The schematic representation of the investigated 34-nt RNA showing the sequential connectivities assigned in the 3D HCP and 4D HCPCH spectrum. Blue arrows indicate the sequential correlations unambiguously assigned using 3D HCP experiment, while orange arrows indicate sequential connectivities obtained from C4′/H4′ selective 4D HPCH experiment. Non assigned correlations are marked with the grey arrows

Conclusions

In summary, we have presented a novel NMR pulse sequence for sequential assignment in RNAs via highly-resolved C4′–H4′ correlation.
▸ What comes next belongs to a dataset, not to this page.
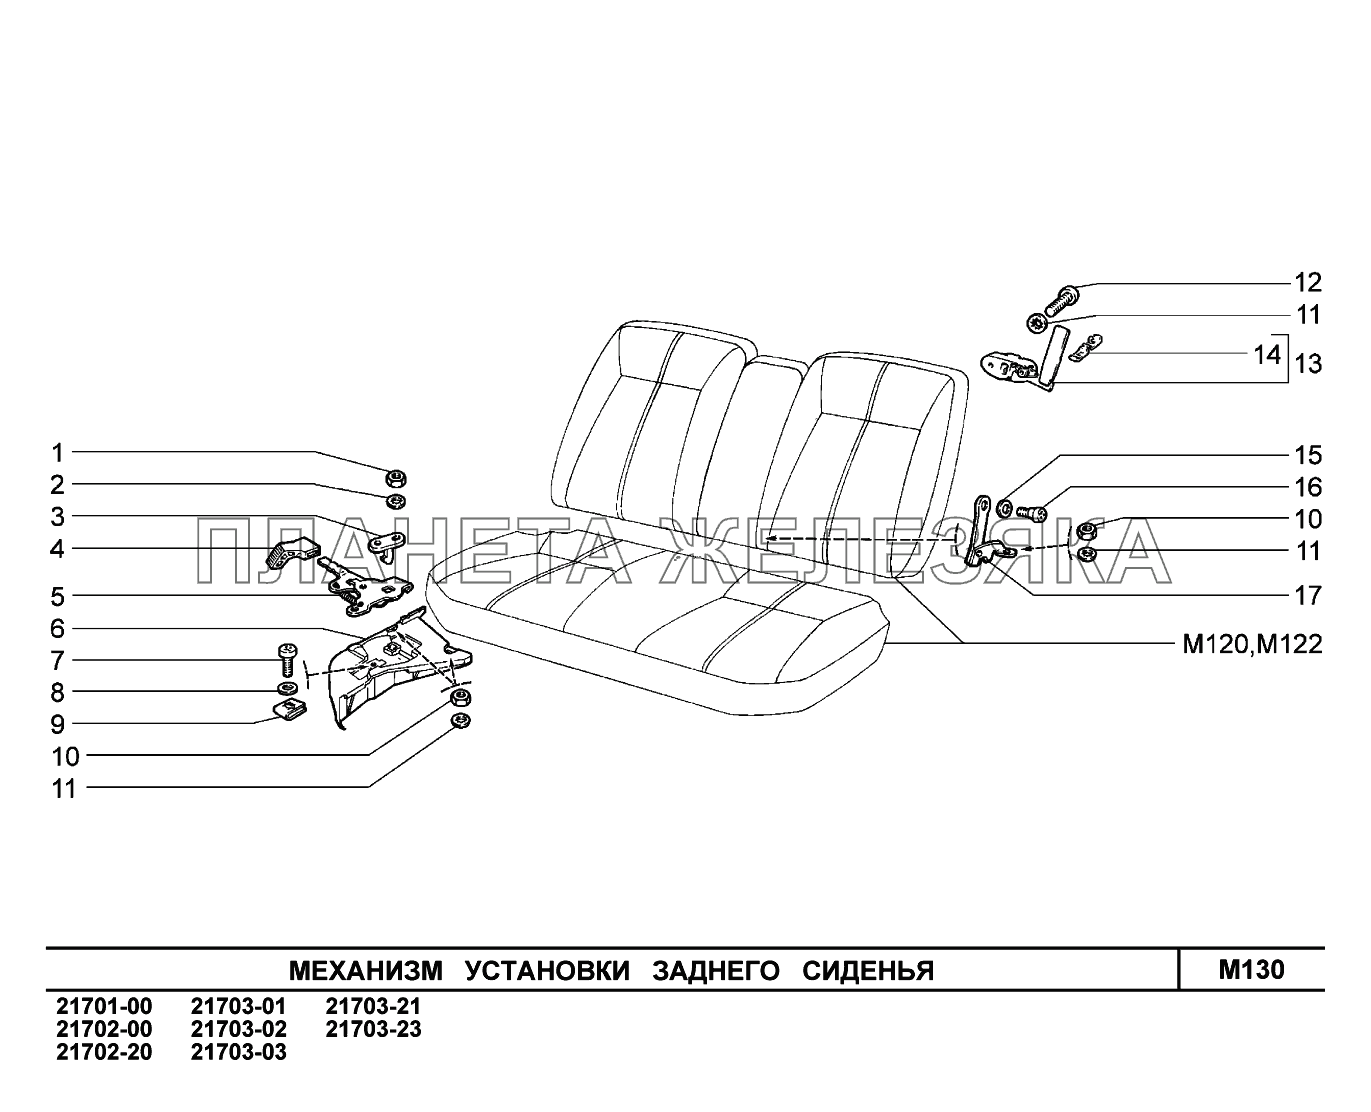 M130. Механизм установки заднего сиденья ВАЗ-2170

The sequential peaks were effectively resolved along the intranucleotide H3′–P planes. The experiment ideally complement the 4D HC(P)CH experiment by relying on different coupling constants for magnetization transfer to generate uniformly intense cross peaks in different regions of the RNA spectrum. The attenuated relaxation due to MQ coherences and C4′/H4′ selectivity in the experiment partially compensated the sensitivity losses entailing the increased dimensionality. Band selective inversion pulses were used to prevent signal modulation due to C4′–C3′, C4′–C5′ couplings and to indirectly select the C4′/H4′ region. Employing high dimensionality and non-uniform sampling, the novel method allows for the assignment of most of the sequential links in highly overlapped NMR spectra of RNAs. Given the outstanding sensitivity and spectral resolution of the NMR approach, we envisage useful applications for the assignment of hairpin/internal loop and bulge regions in RNAs. The comparative study with other experiments suggests that the presented experiment can be especially beneficial for assigning such regions in RNA. Despite lower sensitivity, the proposed experiment clearly outperforms the conventional sequential correlation approaches for RNAs which suffer from critical spectra overlap. The experiment is proposed as a complementary tool to 3D HCP, 3D/4D NOESY experiments and augments the set of high dimensional experiments aimed at improving resolution and reducing ambiguities during resonance assignments in RNAs with poor chemical shift dispersion.